2012年9月11日星期二

Life sentence for killing Kiwi musician

Life sentence for killing Kiwi musician

A former bouncer found guilty of murdering a New Zealand musician by pushing him through a second-storey pub window has been sentenced to life in prison today.

Stefan Pahia Schmidt, 26, will serve a minimum of 14 years, after being sentenced by the Supreme Court of Western Australia today.

A jury delivered a guilty verdict against Schmidt on June 20 after an eight-day trial.

Schmidt admitted pushing Andy Marshall - the cousin of slain Feilding farmer Scott Guy - through the window of a Perth pub in May 2011.

But the trained boxer and kickboxer with links to Perth's outlaw Rock Machine motorcycle gang had pleaded not guilty, saying the death was an accident because he only meant to push the 29-year-old out of the way as he tried to tell two girls he knew to "go home".

Crown prosecutor Amanda Forrester told the court today that a life sentence was entirely justified, and there needed to be strong deterrents to acts of random violence in licensed venues.

Schmidt's trial was told Mr Marshall was talking to two girls with his back to the window at the Ocean Beach Hotel at Cottesloe when Schmidt swore at him and pushed him through it.

As Schmidt fled the pub he glanced at Mr Marshall, who he didn't know, dying on the footpath.

His sentence was backdated to the date of Schmidt's arrest in May last year, which means he will be eligible for release in 2025.

Schmidt was due to be sentenced on Friday but after hearing family victim impact statements and defence counsel submissions, Justice Ralph Simmonds adjourned sentencing until today.

Mr Marshall's father Alan, who flew to Perth for the sentencing, read out a victim impact statement on Friday in which he told of his devastation.

"Not a day starts without a sick feeling and a deep abiding pain," he told the court.

His wife Wendy, who spoke via video-link from New Zealand, said it was like being in "an avalanche of black snow".

"The sense of loss is overwhelming," she said.

Alan Marshall, who is returning to New Zealand tonight, told the New Zealand Herald his family was relieved the process had come to an end.

"We are aware that it will never be over for us, but at the same time there is a little bit of closure from the point of view that this is the end of a chapter."

He believed the sentence was a good result.

"It's hard to say you're happy with it because there is no result which is going to get our son back, and there is no compensation for that.

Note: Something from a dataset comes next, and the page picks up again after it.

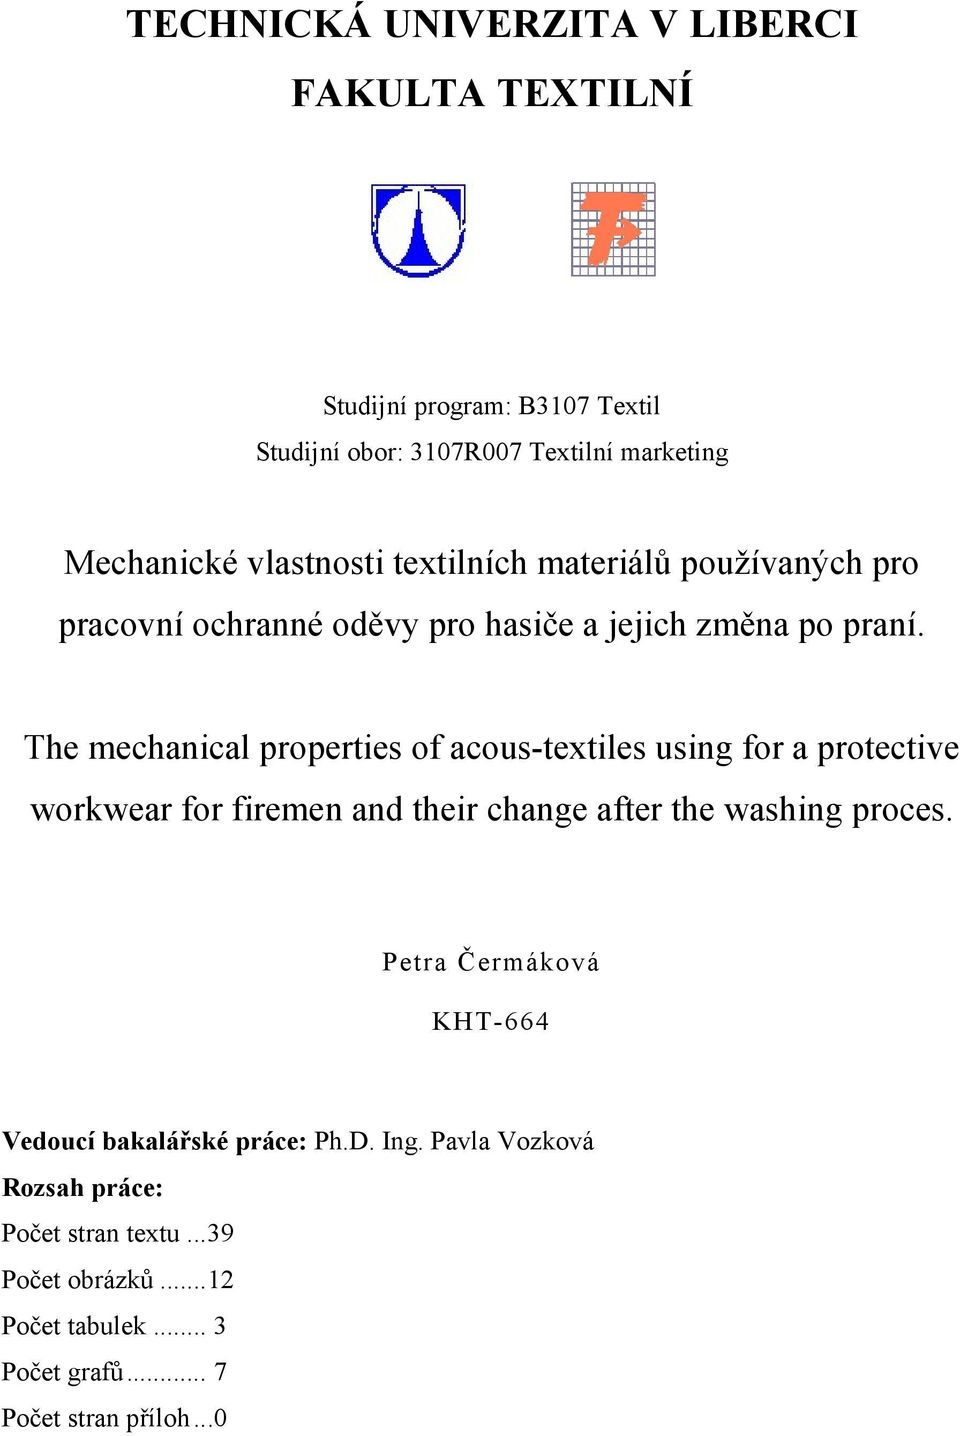 The mechanical properties of acous-textiles using for a protective workwear for firemen and their change after the washing proces.
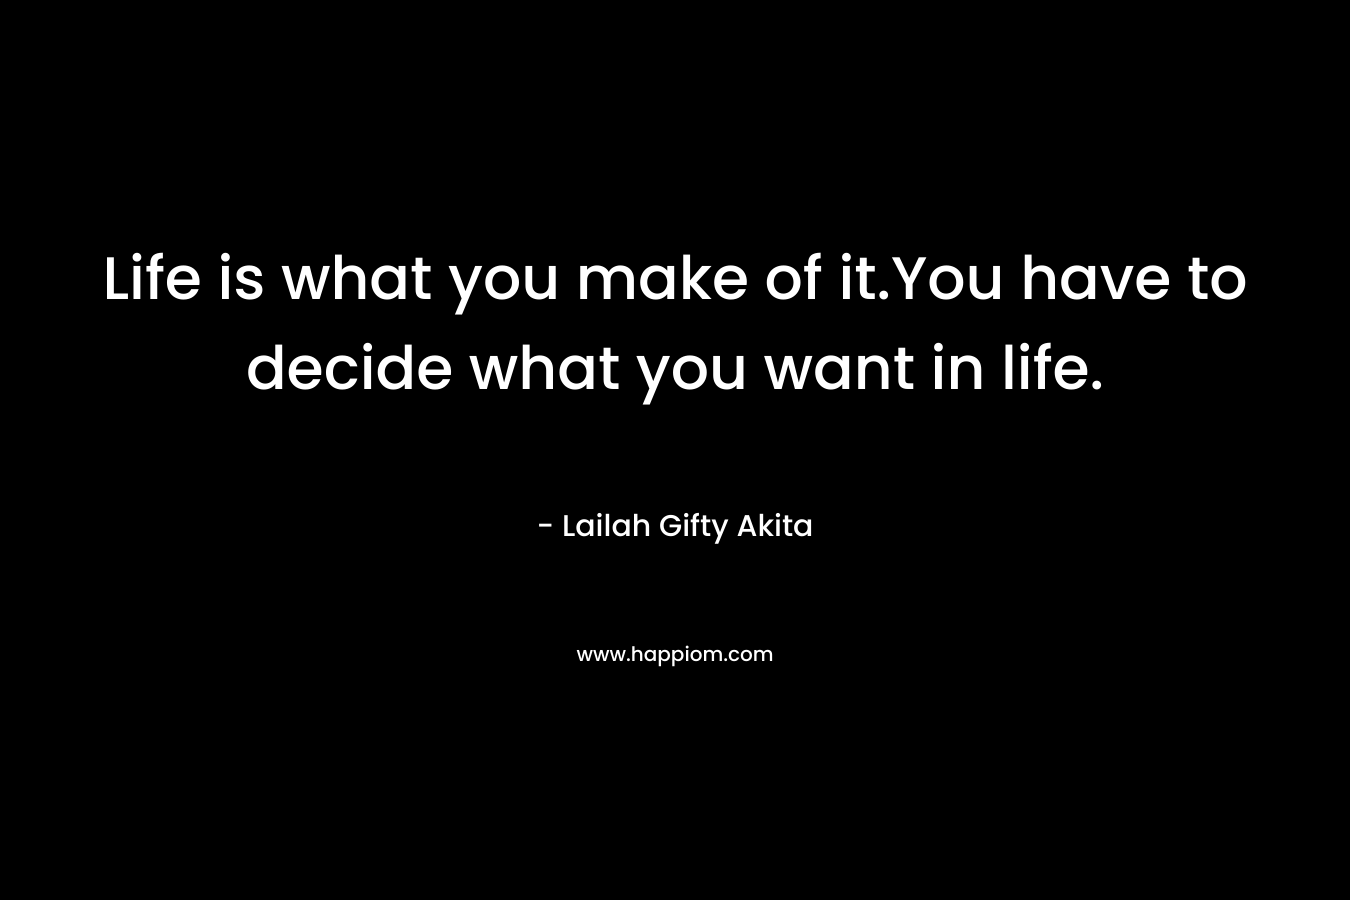 Life is what you make of it.You have to decide what you want in life. – Lailah Gifty Akita

So it's not about feeling like it's payback or revenge or getting square, it was about a punishment that fitted the crime. But also it needed something as a deterrent to address that culture of violence," he said.

Mr Marshall said he had travelled to Australia for the sentencing to honour his son and to make sure people got the message that life was precious.

"The whole point for us about being at the trial and being at the sentencing is about Andy. He is the centre of it. The people that you love are very important in your life - if you love someone let them know."